All the lines below need to be output exactly, apart from any images.

Data extract:
------------------------------------------------------------
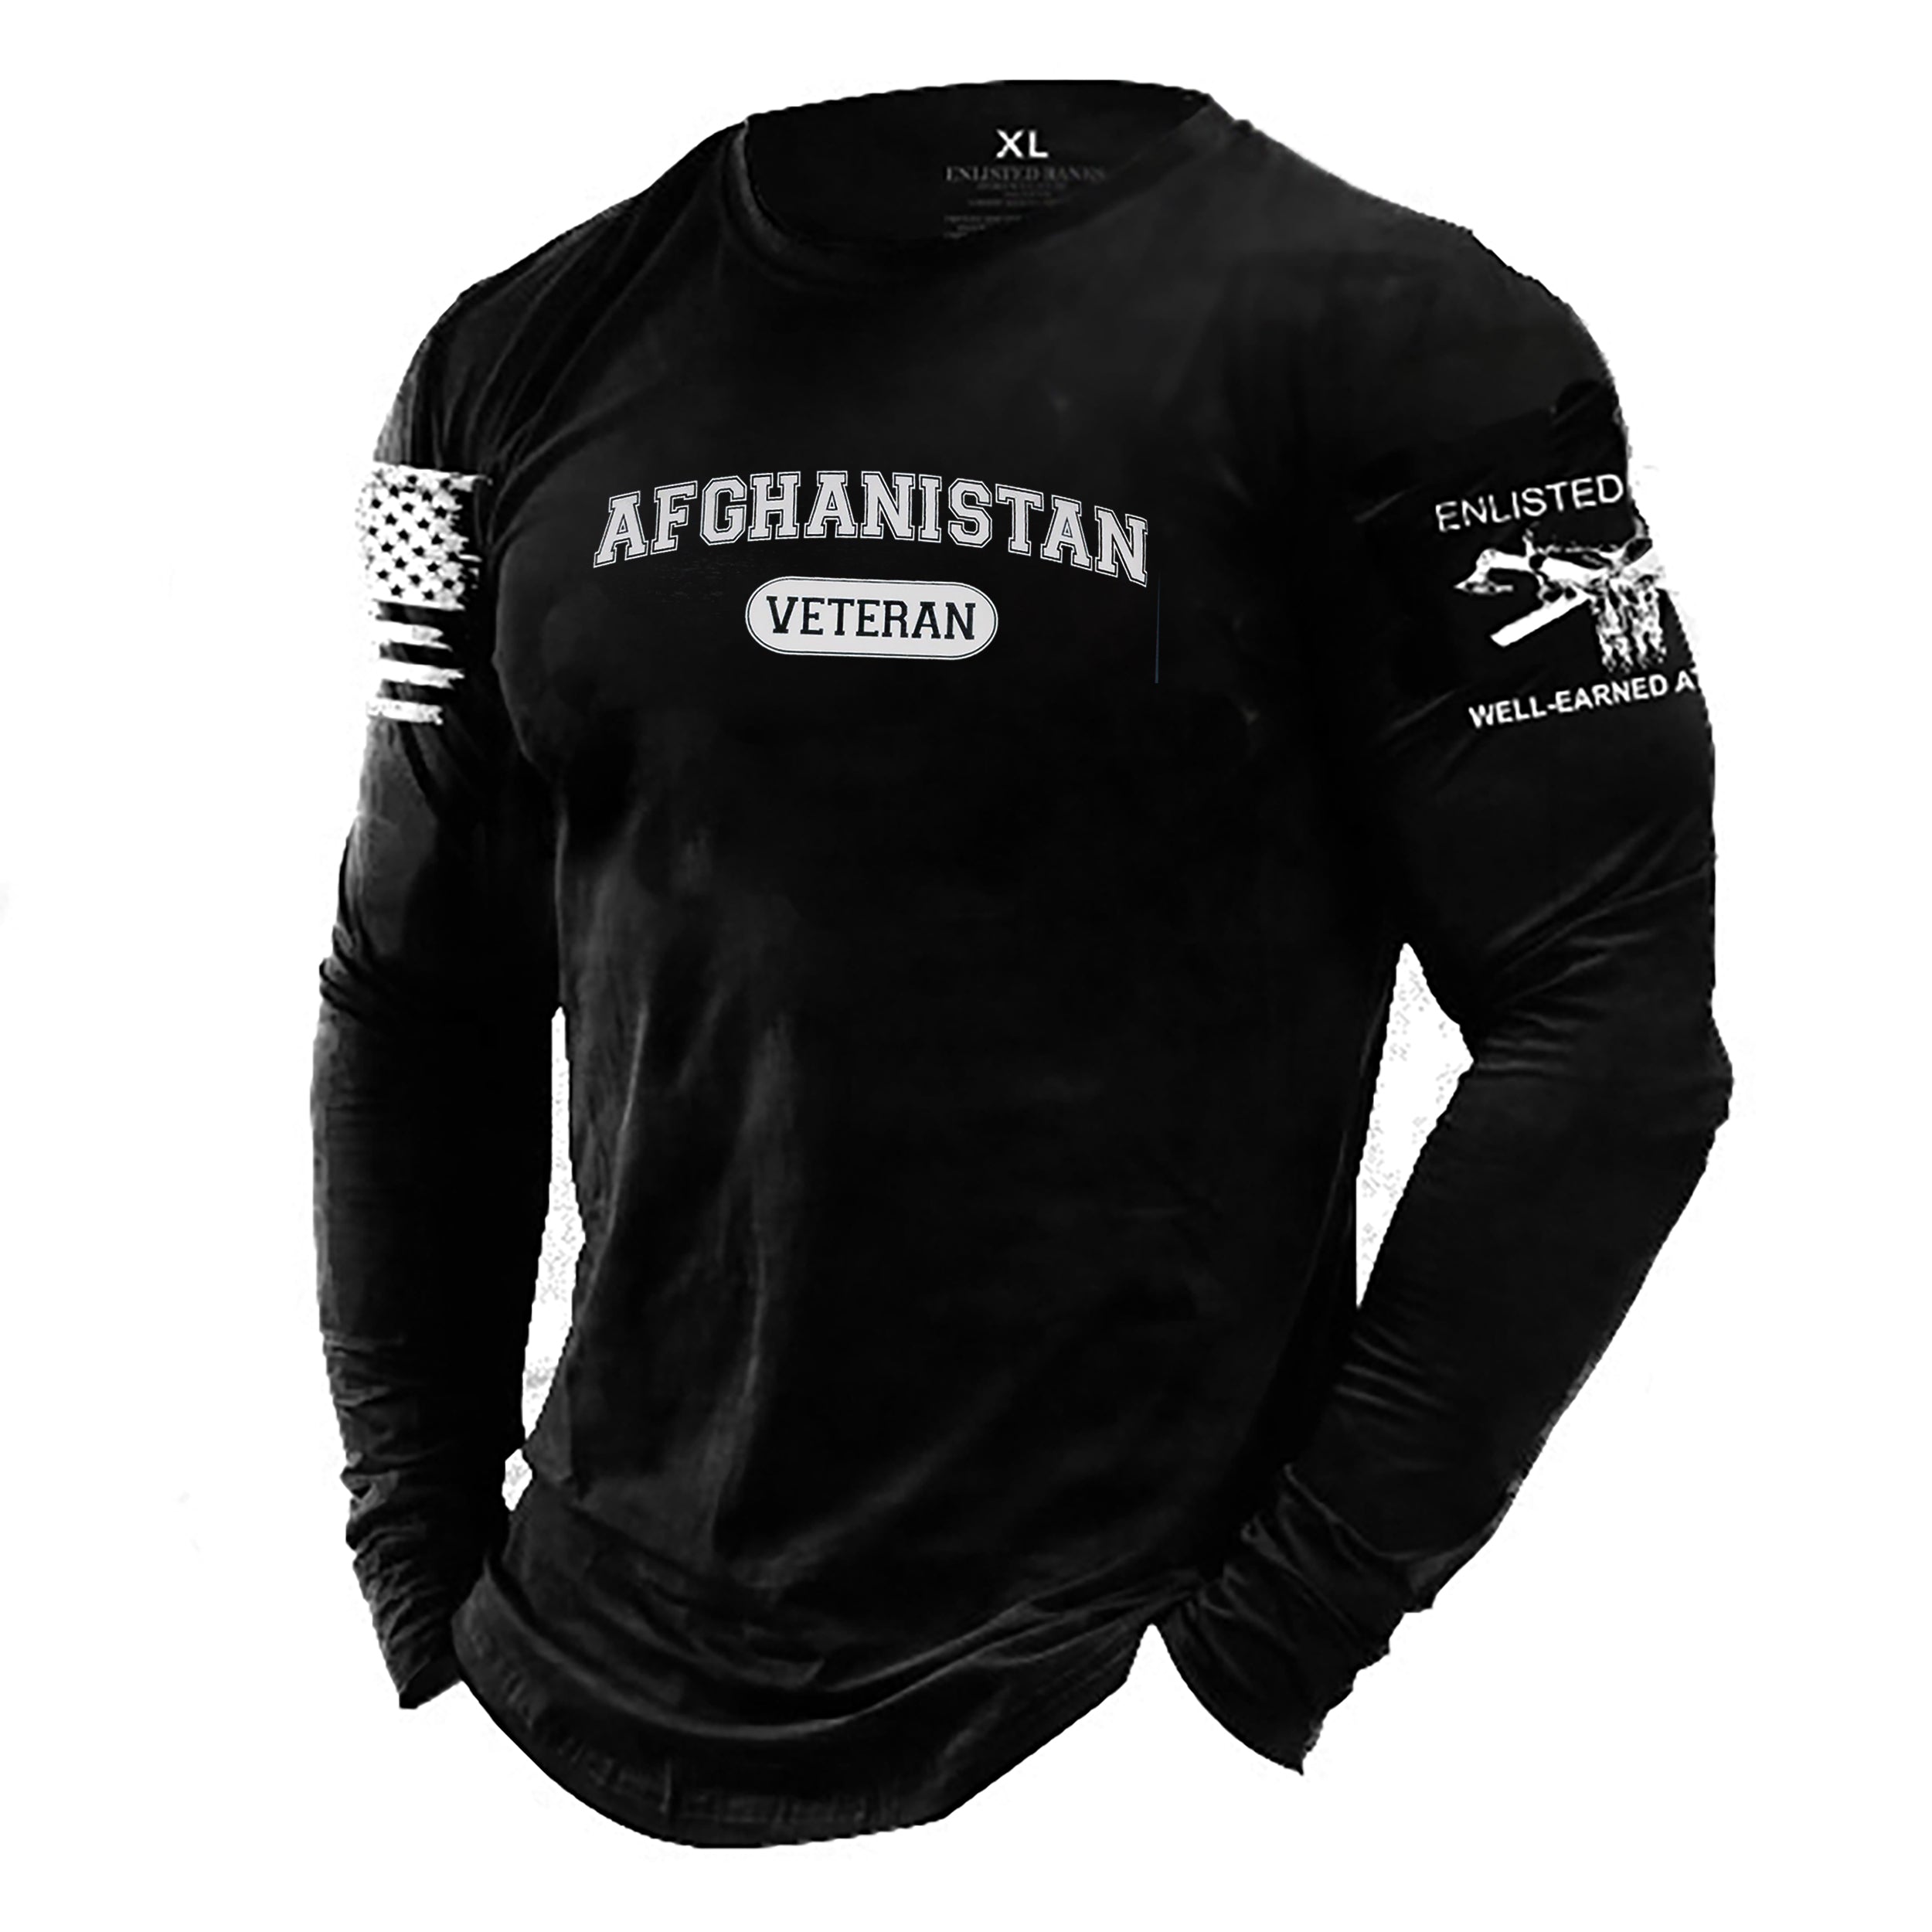 AFGHANISTAN VETERAN, Long Sleeve T-Shirt
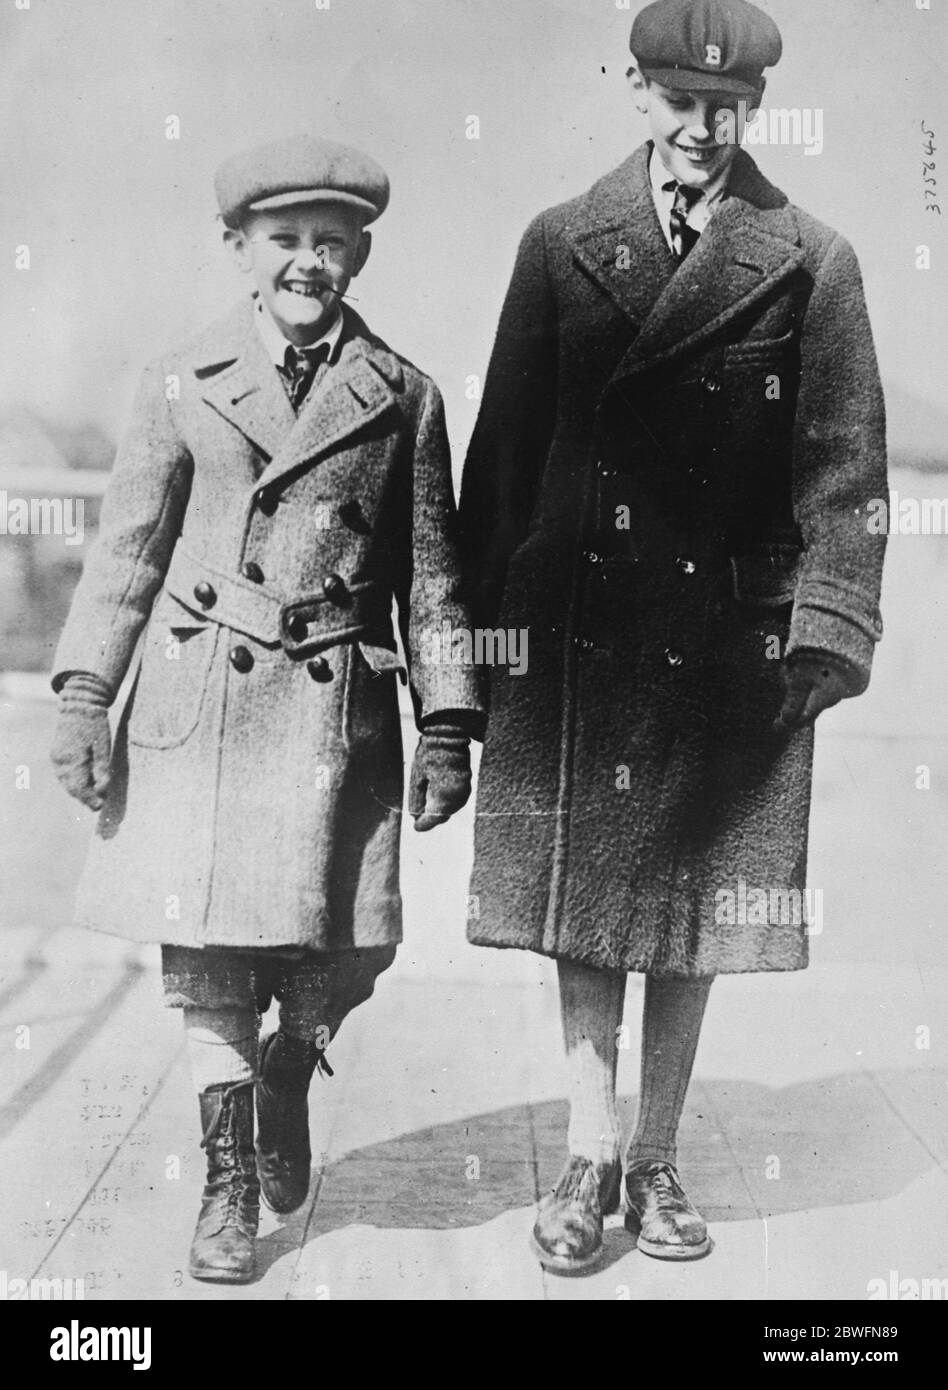 Reichster Junge krank . John Jacob Astor, der 13-jährige Sohn des verstorbenen Col Jacob Astor, ist in Paris an Typhus erkrankt. Er ist einer der reichsten Jungen der Welt. 26. September 1925 Stockfoto
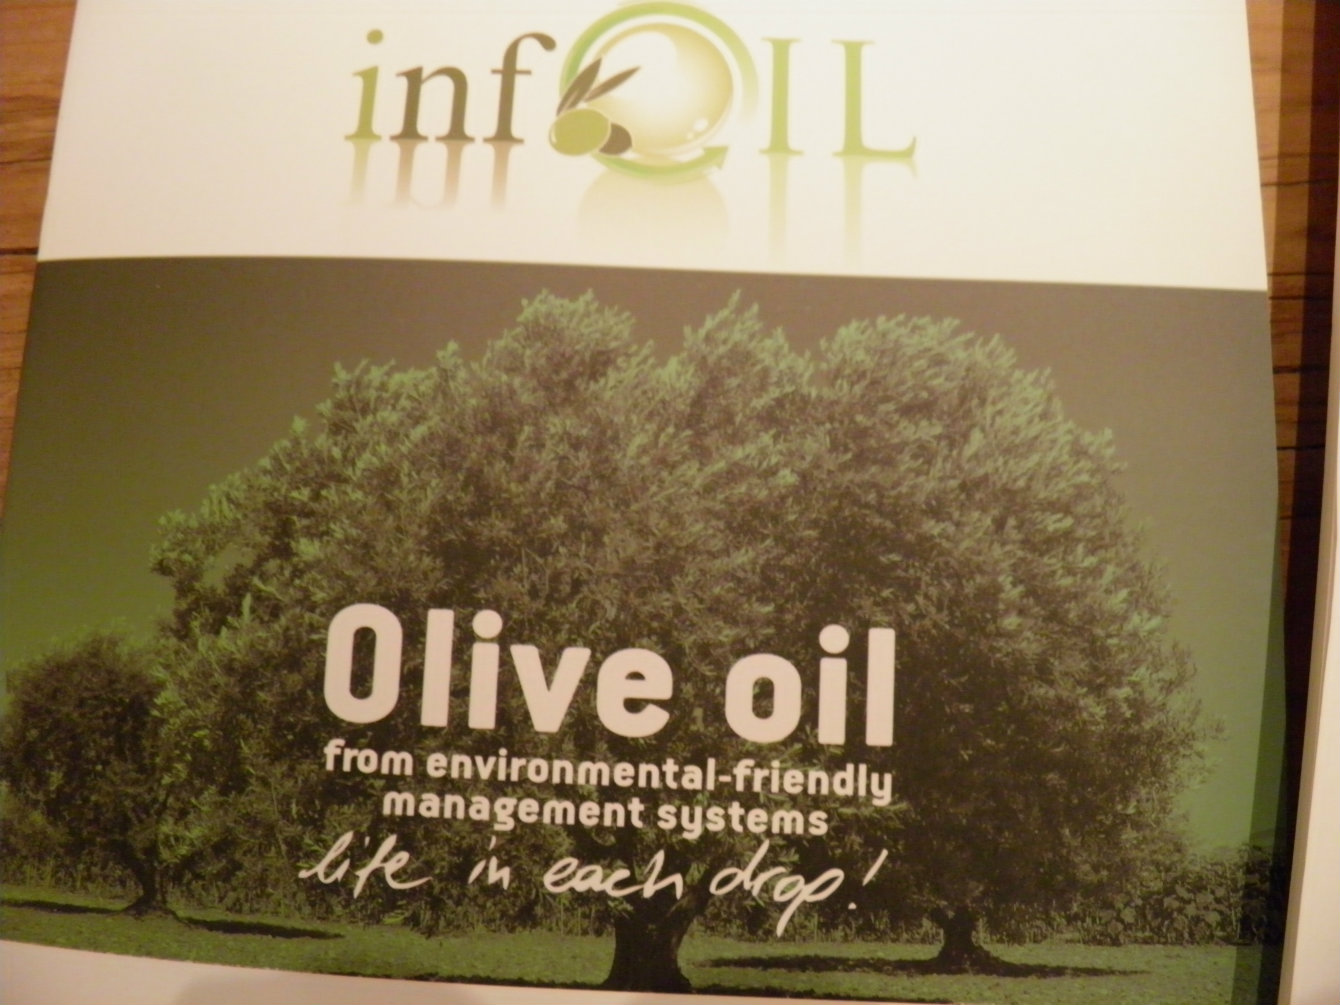 Olive oil taste seminar
------------------------------------------------------------
Written solution:
 AFGHANISTAN VETERAN, Long Sleeve T-Shirt
 Reichster Junge krank . John Jacob Astor, der 13-jährige Sohn des verstorbenen Col Jacob Astor, ist in Paris an Typhus erkrankt. Er ist einer der reichsten Jungen der Welt. 26. September 1925 Stockfoto
 Olive oil taste seminar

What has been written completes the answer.